唯一守りたい妹を目の前で惨い殺され方をしたガダンの心情は計り知れない。



「俺は魔力暴走さながらにその場を焼き尽くして、妹の亡骸を手に取り戻した。勿論奴ら全員跡形もなく殺すつもりだった。……なのに、その場を止めたのは国王とその側近達だった。正妃の報復が怖くてかな…?とんだ最高権力者だ」



ガダン曰く、正妃の生家を始め発言力や勢力が強いらしく、国王は自分の地位を守るために結果、子供を犠牲にしたということだ。

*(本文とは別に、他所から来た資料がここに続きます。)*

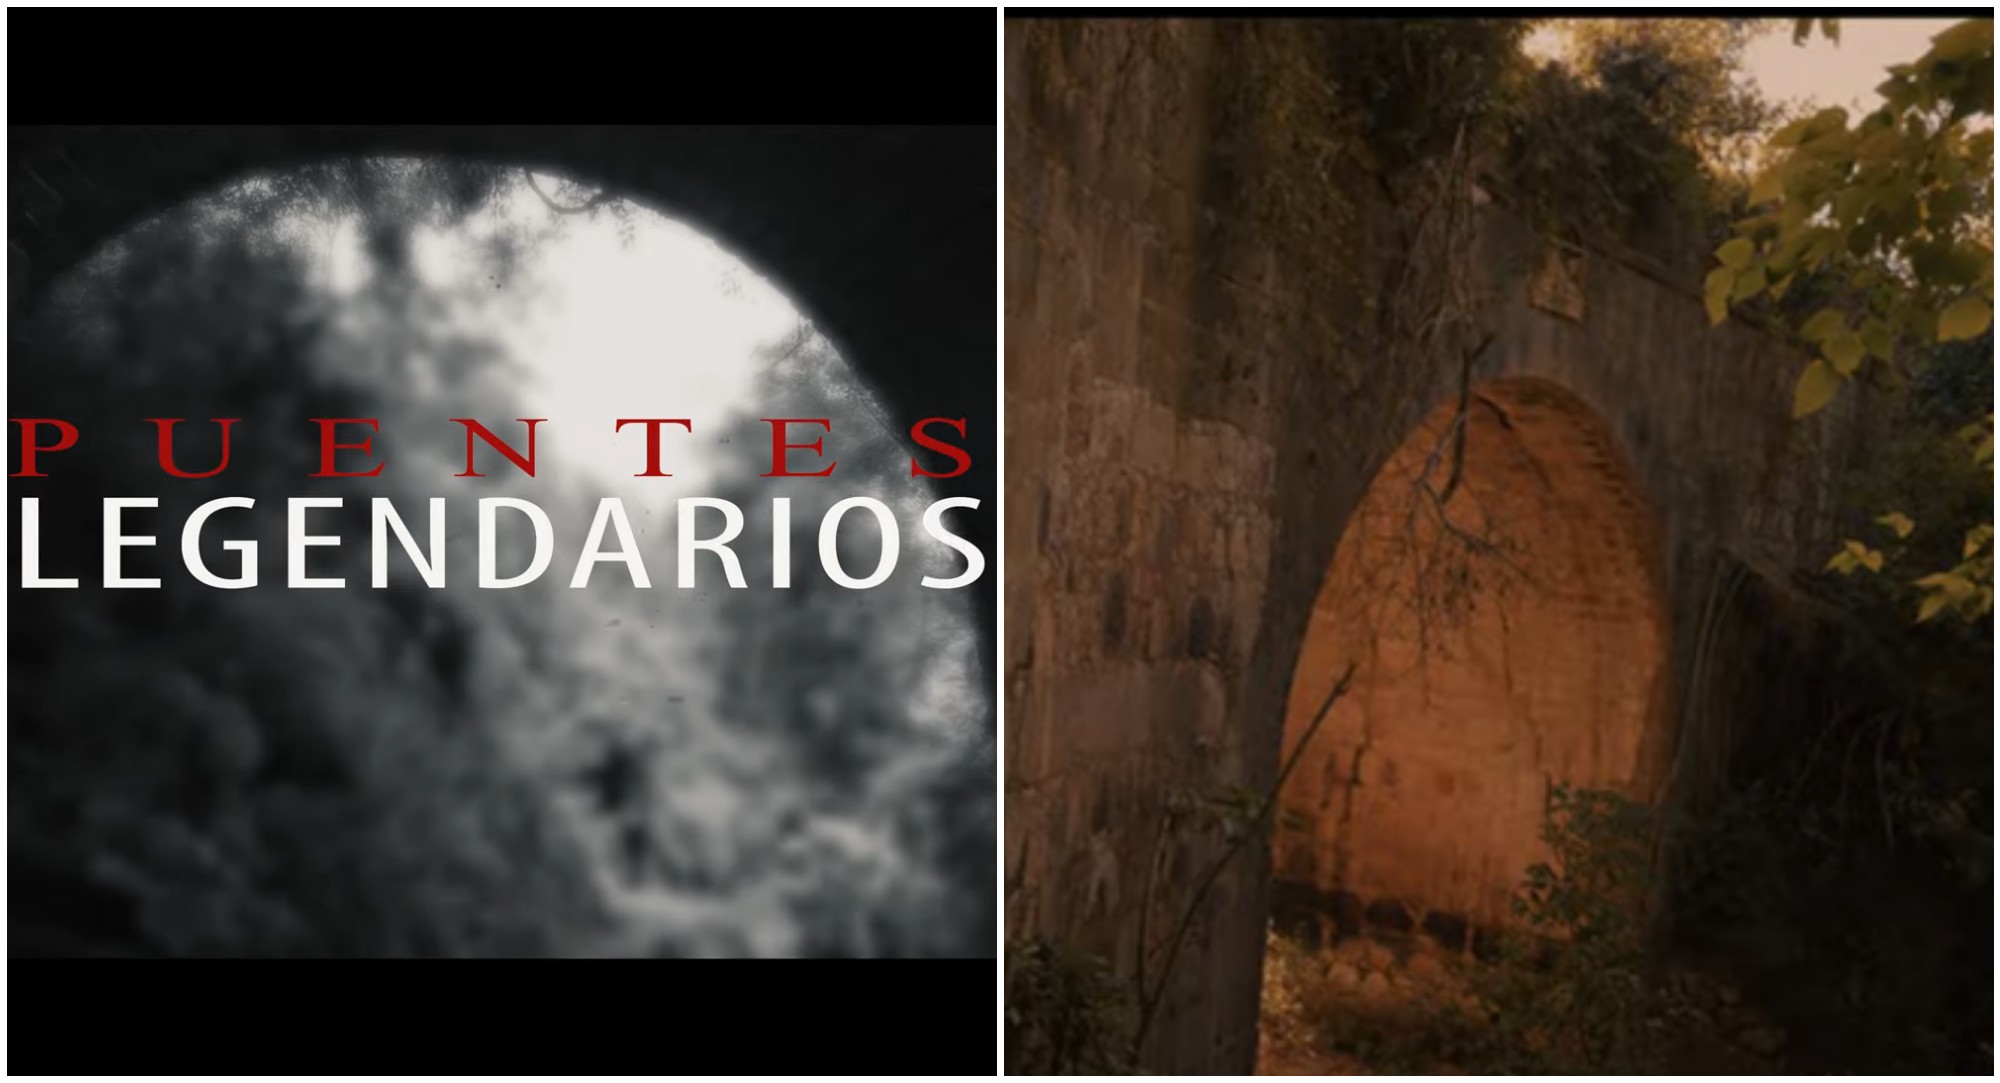 Hondureños crean documental sobre los puentes legendarios de Honduras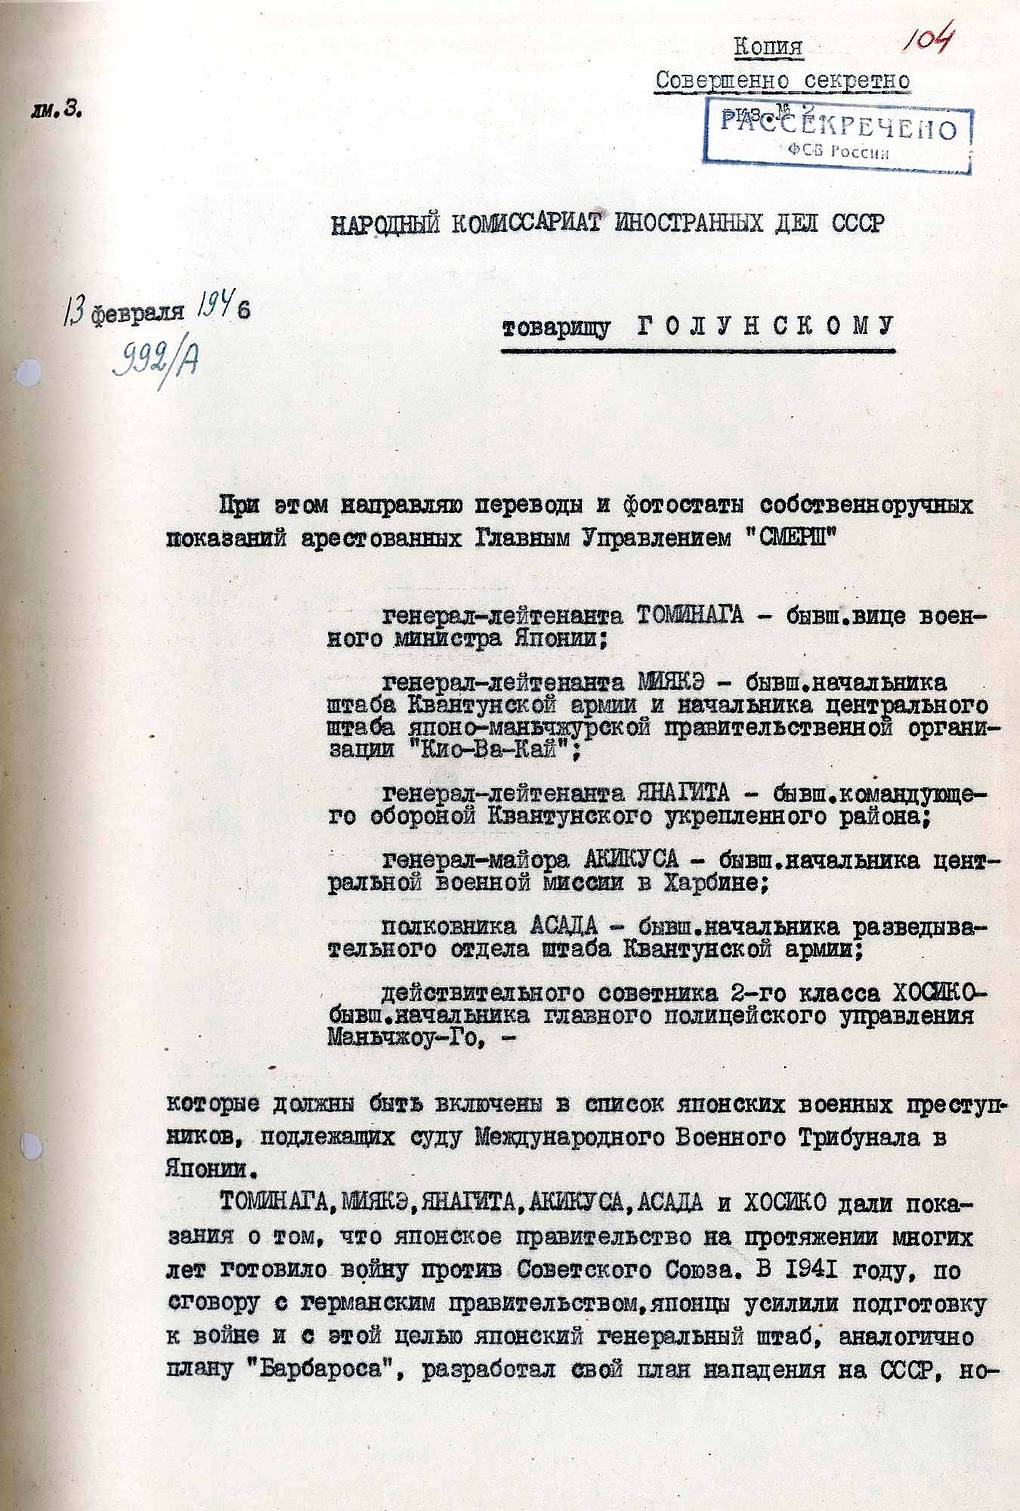 ФСБ рассекретила показания японских генералов о планах нападения на СССР

「母親も妹も居ない国なんざ何の価値もない。すぐに絶縁を申し出た。留まったところで遠からず暗殺されるだろうからね。なかなか首を縦に振らない国王を説得したのは第二側妃の頭は良いが病弱な息子の一人だった。俺が居ると国王の立場が悪くなるとかまあ上手いこと適当に言ってくれてね。俺はようやくあの腐った国から出られたってわけですよ」



そう言って苦笑するガダンだが、妹への復讐を成し遂げられなかった悔恨の思いも間違いなくあるのだろう。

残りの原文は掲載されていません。